▸ **Aim of the exercise**
From the first line to the last, give the listing again exactly.
Extracted records START
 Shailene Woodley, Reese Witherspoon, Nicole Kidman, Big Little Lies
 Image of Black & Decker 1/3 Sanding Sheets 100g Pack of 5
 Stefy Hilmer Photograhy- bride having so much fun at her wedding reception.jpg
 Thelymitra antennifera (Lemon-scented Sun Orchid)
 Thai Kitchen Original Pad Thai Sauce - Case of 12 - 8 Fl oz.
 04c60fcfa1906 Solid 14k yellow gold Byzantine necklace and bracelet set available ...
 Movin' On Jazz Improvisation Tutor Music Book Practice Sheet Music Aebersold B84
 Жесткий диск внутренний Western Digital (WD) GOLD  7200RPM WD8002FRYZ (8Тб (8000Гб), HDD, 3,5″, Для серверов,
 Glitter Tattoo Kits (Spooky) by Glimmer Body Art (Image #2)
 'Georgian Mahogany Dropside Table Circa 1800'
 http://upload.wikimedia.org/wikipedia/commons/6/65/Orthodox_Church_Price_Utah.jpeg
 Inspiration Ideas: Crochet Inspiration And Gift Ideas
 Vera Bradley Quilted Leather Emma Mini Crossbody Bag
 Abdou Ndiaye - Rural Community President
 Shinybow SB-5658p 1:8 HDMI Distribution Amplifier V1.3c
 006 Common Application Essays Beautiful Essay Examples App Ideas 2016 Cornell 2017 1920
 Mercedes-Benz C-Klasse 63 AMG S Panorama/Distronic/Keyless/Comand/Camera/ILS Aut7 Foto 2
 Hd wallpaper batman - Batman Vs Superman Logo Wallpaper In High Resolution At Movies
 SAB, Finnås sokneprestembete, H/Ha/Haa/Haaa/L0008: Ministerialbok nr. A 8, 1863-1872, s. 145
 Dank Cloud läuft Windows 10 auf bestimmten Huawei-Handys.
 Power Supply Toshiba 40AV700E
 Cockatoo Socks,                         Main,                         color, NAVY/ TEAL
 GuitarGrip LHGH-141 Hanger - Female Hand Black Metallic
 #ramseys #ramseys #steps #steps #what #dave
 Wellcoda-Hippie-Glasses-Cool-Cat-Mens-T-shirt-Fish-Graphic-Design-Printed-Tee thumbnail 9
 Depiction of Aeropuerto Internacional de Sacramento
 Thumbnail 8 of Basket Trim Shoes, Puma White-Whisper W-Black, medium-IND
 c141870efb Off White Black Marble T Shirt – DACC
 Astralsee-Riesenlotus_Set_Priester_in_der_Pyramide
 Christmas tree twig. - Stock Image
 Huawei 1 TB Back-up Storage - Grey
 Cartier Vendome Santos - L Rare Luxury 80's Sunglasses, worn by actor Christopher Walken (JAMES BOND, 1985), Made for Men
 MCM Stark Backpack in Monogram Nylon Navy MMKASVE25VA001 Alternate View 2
Extracted records END
▸ **Task result**
 Shailene Woodley, Reese Witherspoon, Nicole Kidman, Big Little Lies
 Image of Black & Decker 1/3 Sanding Sheets 100g Pack of 5
 Stefy Hilmer Photograhy- bride having so much fun at her wedding reception.jpg
 Thelymitra antennifera (Lemon-scented Sun Orchid)
 Thai Kitchen Original Pad Thai Sauce - Case of 12 - 8 Fl oz.
 04c60fcfa1906 Solid 14k yellow gold Byzantine necklace and bracelet set available ...
 Movin' On Jazz Improvisation Tutor Music Book Practice Sheet Music Aebersold B84
 Жесткий диск внутренний Western Digital (WD) GOLD  7200RPM WD8002FRYZ (8Тб (8000Гб), HDD, 3,5″, Для серверов,
 Glitter Tattoo Kits (Spooky) by Glimmer Body Art (Image #2)
 'Georgian Mahogany Dropside Table Circa 1800'
 http://upload.wikimedia.org/wikipedia/commons/6/65/Orthodox_Church_Price_Utah.jpeg
 Inspiration Ideas: Crochet Inspiration And Gift Ideas
 Vera Bradley Quilted Leather Emma Mini Crossbody Bag
 Abdou Ndiaye - Rural Community President
 Shinybow SB-5658p 1:8 HDMI Distribution Amplifier V1.3c
 006 Common Application Essays Beautiful Essay Examples App Ideas 2016 Cornell 2017 1920
 Mercedes-Benz C-Klasse 63 AMG S Panorama/Distronic/Keyless/Comand/Camera/ILS Aut7 Foto 2
 Hd wallpaper batman - Batman Vs Superman Logo Wallpaper In High Resolution At Movies
 SAB, Finnås sokneprestembete, H/Ha/Haa/Haaa/L0008: Ministerialbok nr. A 8, 1863-1872, s. 145
 Dank Cloud läuft Windows 10 auf bestimmten Huawei-Handys.
 Power Supply Toshiba 40AV700E
 Cockatoo Socks,                         Main,                         color, NAVY/ TEAL
 GuitarGrip LHGH-141 Hanger - Female Hand Black Metallic
 #ramseys #ramseys #steps #steps #what #dave
 Wellcoda-Hippie-Glasses-Cool-Cat-Mens-T-shirt-Fish-Graphic-Design-Printed-Tee thumbnail 9
 Depiction of Aeropuerto Internacional de Sacramento
 Thumbnail 8 of Basket Trim Shoes, Puma White-Whisper W-Black, medium-IND
 c141870efb Off White Black Marble T Shirt – DACC
 Astralsee-Riesenlotus_Set_Priester_in_der_Pyramide
 Christmas tree twig. - Stock Image
 Huawei 1 TB Back-up Storage - Grey
 Cartier Vendome Santos - L Rare Luxury 80's Sunglasses, worn by actor Christopher Walken (JAMES BOND, 1985), Made for Men
 MCM Stark Backpack in Monogram Nylon Navy MMKASVE25VA001 Alternate View 2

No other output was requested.